▶ ASSIGNMENT: What's needed is the listing below, repeated word for word with no pictures.

▶ SUPPLIED DATA:
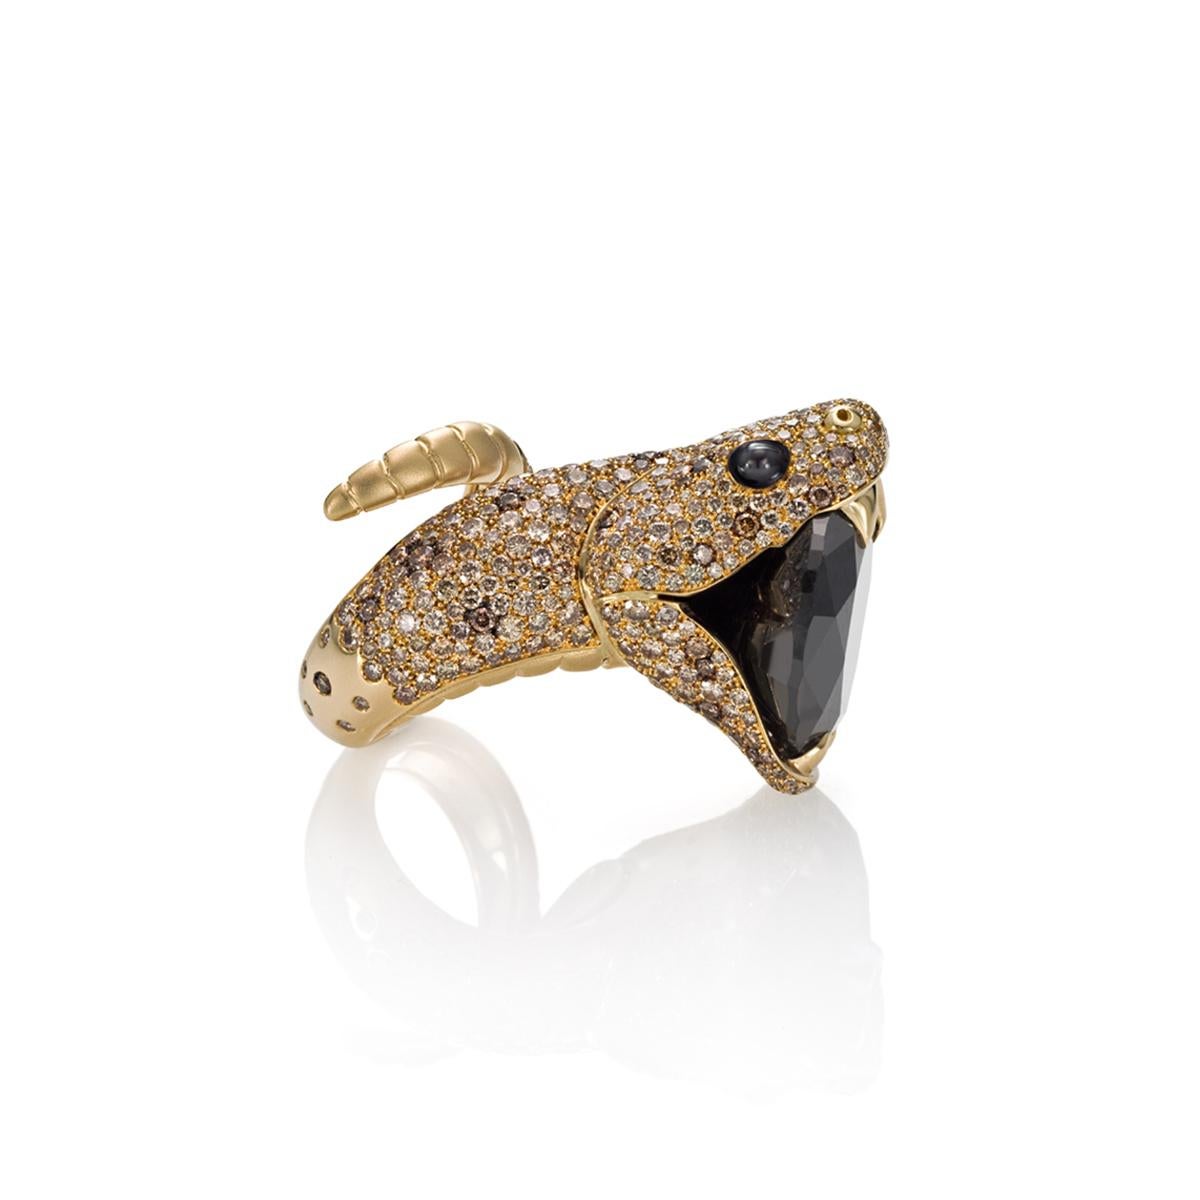 This bold fashion ring is made for people with a strong personality. Beautifully crafted in 18 Kt yellow gold, this wrap ring is shaped in a diamond-pavé snake clenching a sizable black diamond between its teeth. The whole surface of the head of the
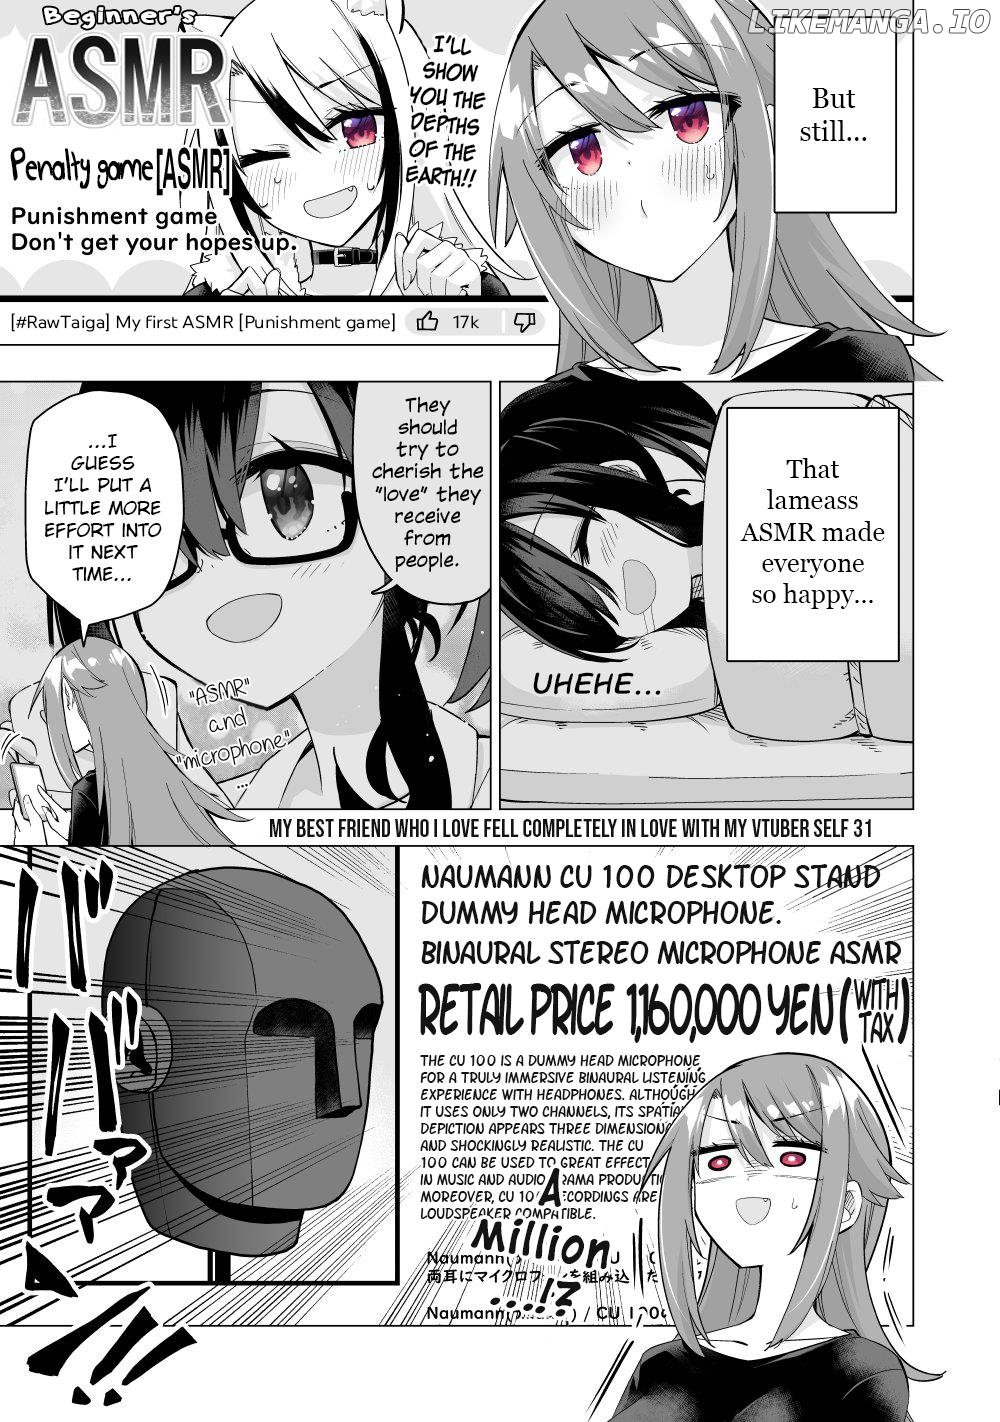 My Best Friend Who I Love Fell Completely In Love With My Vtuber Self chapter 31 - page 1
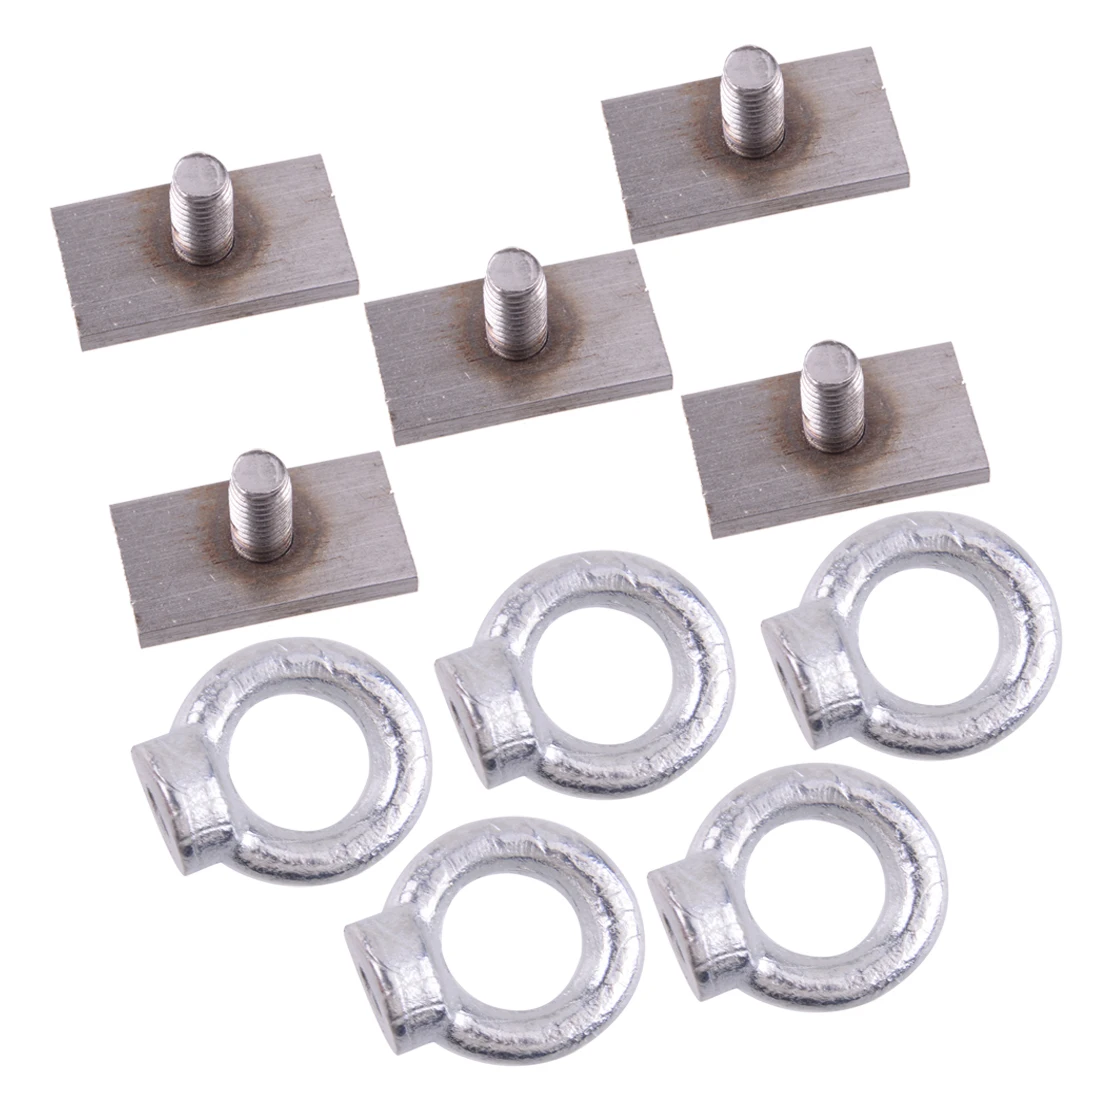 Details about   2x T Bolt Eye Nut tie down kit for Rhino Thule Yakima Pro Rola roof rack M8 16mm

▶ TASK RESULT:
 This bold fashion ring is made for people with a strong personality. Beautifully crafted in 18 Kt yellow gold, this wrap ring is shaped in a diamond-pavé snake clenching a sizable black diamond between its teeth. The whole surface of the head of the
 My Best Friend Who I Love Fell Completely In Love With My Vtuber Self chapter 31 - page 1
 Details about   2x T Bolt Eye Nut tie down kit for Rhino Thule Yakima Pro Rola roof rack M8 16mm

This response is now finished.